Эльрик пересказал все, рассказанное ему Сепириту.
— Мы должны иметь такую защиту, — согласился Мунглум. — Но сейчас о главном, о завтрашнем плавании. Мои капитаны ждут тебя в комнате для совещания.
— Я встречусь с ними через некоторое время, — сказал Эльрик. — Но сначала я хотел бы пройти в твою комнату и собраться с мыслями. Скажи им, что я их вскоре приму.

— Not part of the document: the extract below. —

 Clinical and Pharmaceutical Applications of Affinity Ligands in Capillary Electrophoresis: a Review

Оказавшись в своих покоях, Эльрик запер за собой дверь, все еще обдумывая информацию, полученную от деформированного человека. Он знал, что без сверхъестественной поддержки обычный флот, как бы велик он ни был, или какими бы смелыми командирами ни управлялся, не выстоит против Ягрина Лерна. Тем более, что его, Эльрика, флот был относительно невелик. И не имел сверхъестественных существ в качестве союзников, а также был относительно беззащитен. Если бы у него сейчас был Щит Хаоса…
Но в данный момент было бесполезно раскаиваться в принятом решении.

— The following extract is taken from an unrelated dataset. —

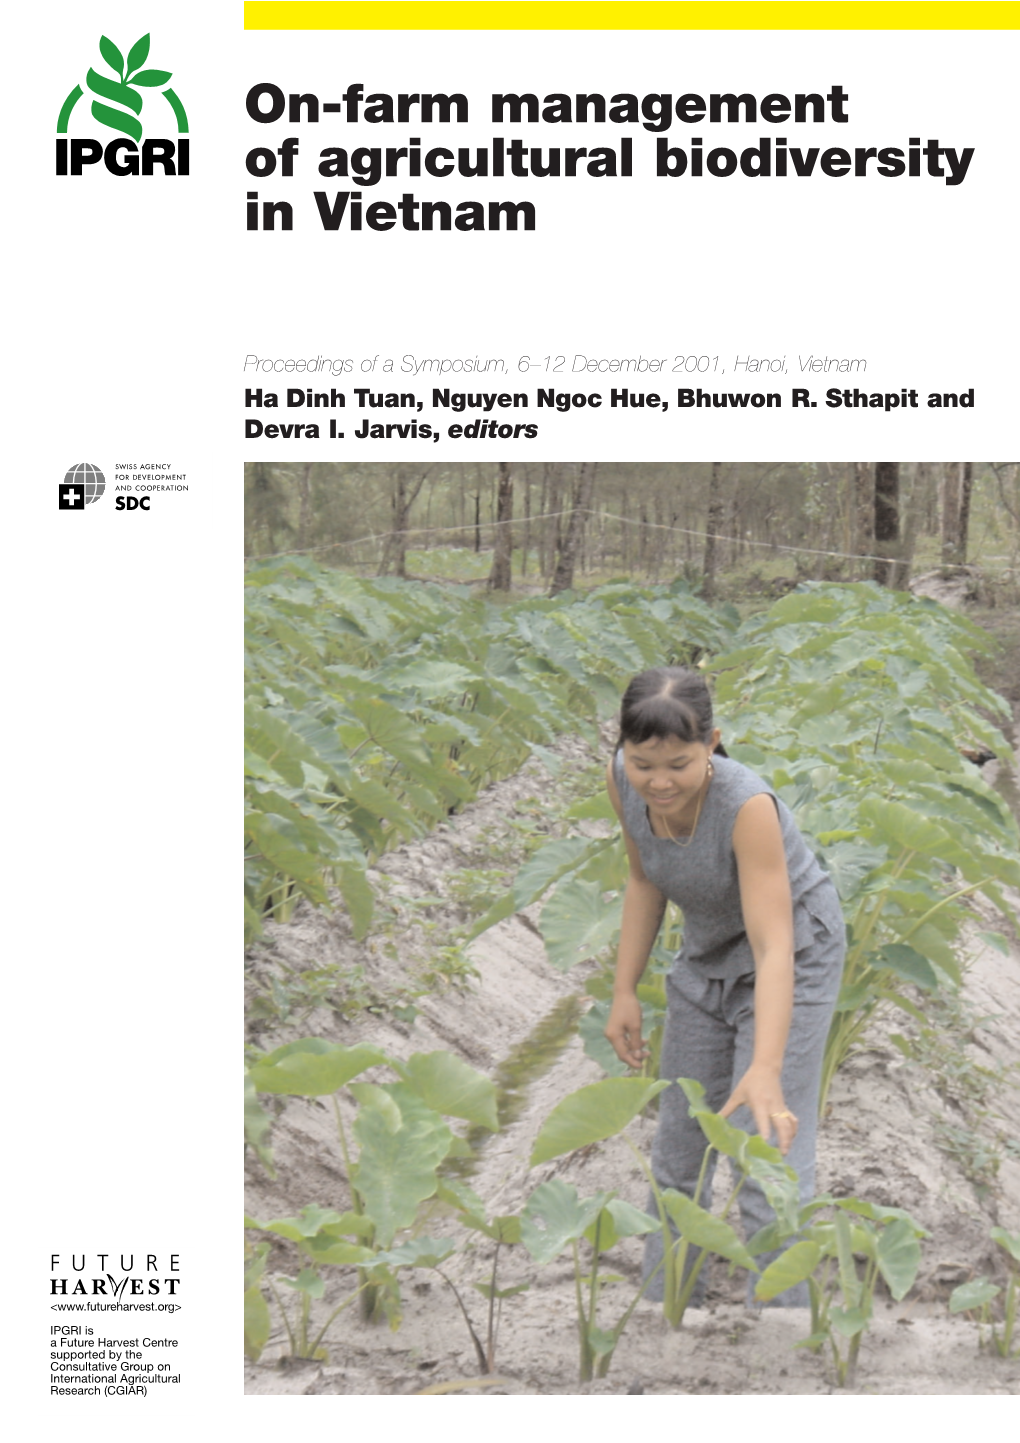 On-Farm Management of Agricultural Biodiversity in Vietnam

Если сейчас он отправится за Щитом, то ни в коем случае не сможет принять участие в битве. Неделями он возился с древними свитками, таблицами, книгами и пластинами драгоценных металлических гравюр с древними символами, которые загромождали его комнату. Элементы помогали ему в прошлом, но теперь, искаженные Хаосом, большей частью они были слабы. Эльрик отстегнул в ярости свой меч и бросил его на постель, застеленную шелком и бархатом. Внезапно он вспомнил прежние времена, когда впадал в отчаяние, и понял, что прежние инциденты, приводившие к кровопролитиям, были всего лишь веселой игрой по сравнению с той тяжестью, которая теперь наполняла его душу. Хотя он чувствовал себя усталым, все же не хотел взбодрить себя похищенной энергией Буреносца. Он чувствовал, что близок к экстазу, вызванному чувством вины, которую он носит в себе еще с тех пор, когда был ребенком и впервые понял, что на лице отца, склонившегося над ним, не чувство любви, а разочарование, вызванное его бессилием — бесцветный альбинос, ничего хорошего, жизнеспособен лишь с помощью наркотика или колдовства.
Эльрик вздохнул и, подойдя к окну, взглянул поверх низких холмов на море за ними. Он заговорил вслух, возможно, подсознательно надеясь, что звук слов поможет сбросить накопившееся в нем напряжение.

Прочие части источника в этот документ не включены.